As to the telephone message, it seemed to preclude the possibility of Ellingham’s having gone to the house that night. But the fact remained that a man, as yet unidentified, was undoubtedly concerned in the case, had written the letter, and had probably been in the Wells house the night I went there alone.
In the end, we decided to hold one more seance, and then, unless the further developments were such that we must go on, to let the affair drop.

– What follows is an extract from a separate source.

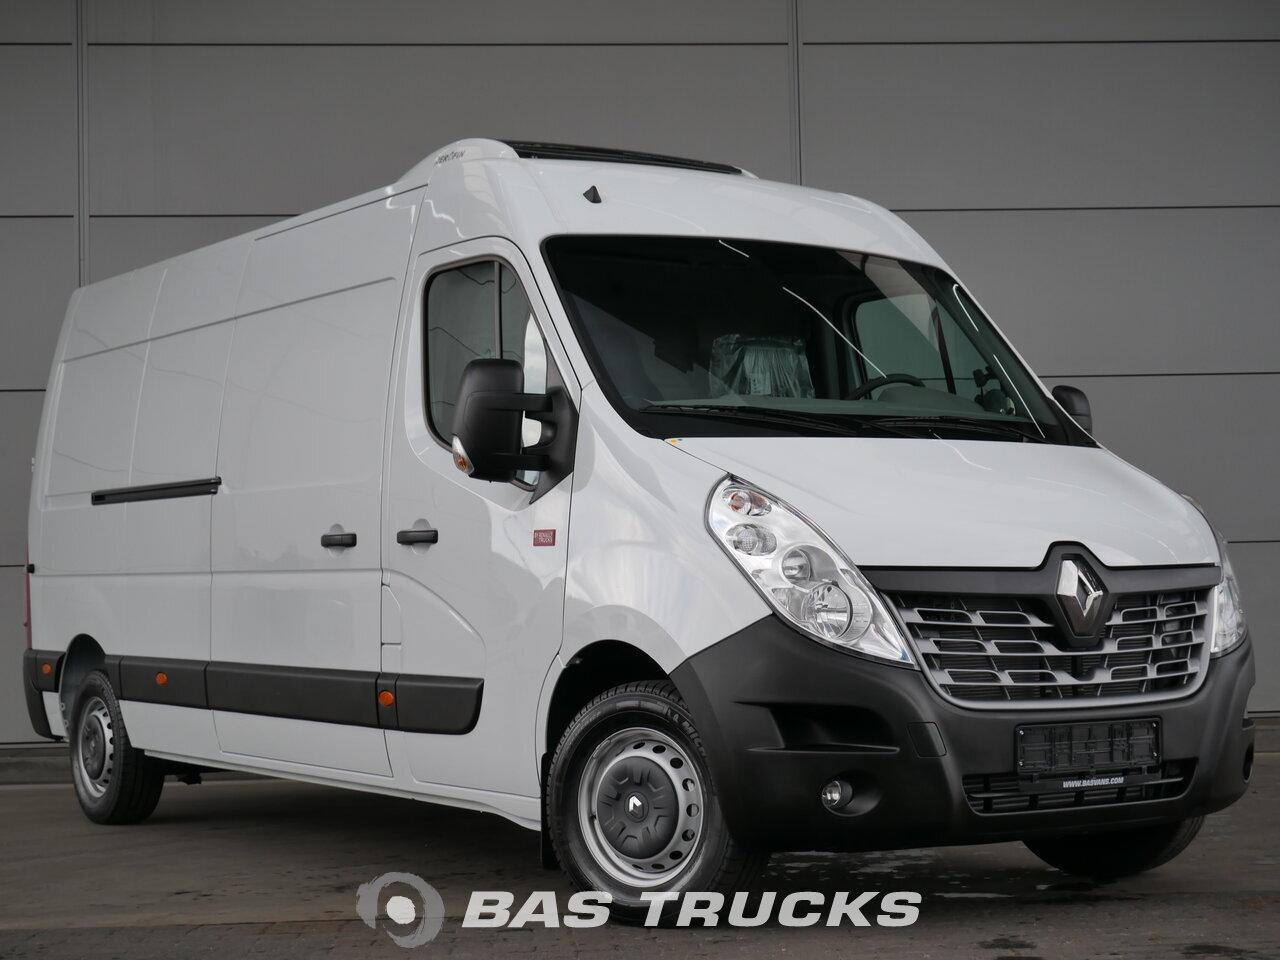 renault master lcv 29400 bas trucks. Black Bedroom Furniture Sets. Home Design Ideas

It is typical of the strained nervous tension which had developed in all of us during the past twelve days, that that night when, having forgotten to let the dog in, my wife and I were roused from a sound sleep by his howling, she would not allow me to go down and admit him.
VIII
On Sunday I went to church. I felt, after the strange phenomena in Mrs. Dane’s drawing-room, and after the contact with tragedy to which they had led, that I must hold with a sort of desperation to the traditions and beliefs by which I had hitherto regulated my conduct. And the church did me good. Between the immortality it taught and the theory of spiritualism as we had seen it in action there was a great gulf, and I concluded that this gulf was the soul. The conclusion that mind and certain properties of mind survived was not enough. The thought of a disembodied intelligence was pathetic, depressing. But the thought of a glorified soul was the hope of the world.
My wife, too, was in a penitent and rather exalted mood. During the sermon she sat with her hand in mine, and I was conscious of peace and a deep thankfulness. We had been married for many years, and we had grown very close. Of what importance was the Wells case, or what mattered it that there were strange new-old laws in the universe, so long as we kept together?
That my wife had felt a certain bitterness toward Miss Jeremy, a jealousy of her powers, even of her youth, had not dawned on me. But when, in her new humility, she suggested that we call on the medium that afternoon. I realized that, in her own way, she was making a sort of atonement.
Miss Jeremy lived with an elderly spinster cousin, a short distance out of town. It was a grim house, coldly and rigidly Calvinistic. It gave an unpleasant impression at the start, and our comfort was not increased by the discovery, made early in the call, that the cousin regarded the Neighborhood Club and its members with suspicion.
The cousin—her name was Connell—was small and sharp, and she entered the room followed by a train of cats. All the time she was frigidly greeting us, cats were coming in at the door, one after the other. It fascinated me. I do not like cats. I am, as a matter of confession, afraid of cats. They affect me as do snakes. They trailed in in a seemingly endless procession, and one of them took a fancy to me, and leaped from behind on to my shoulder. The shock set me stammering.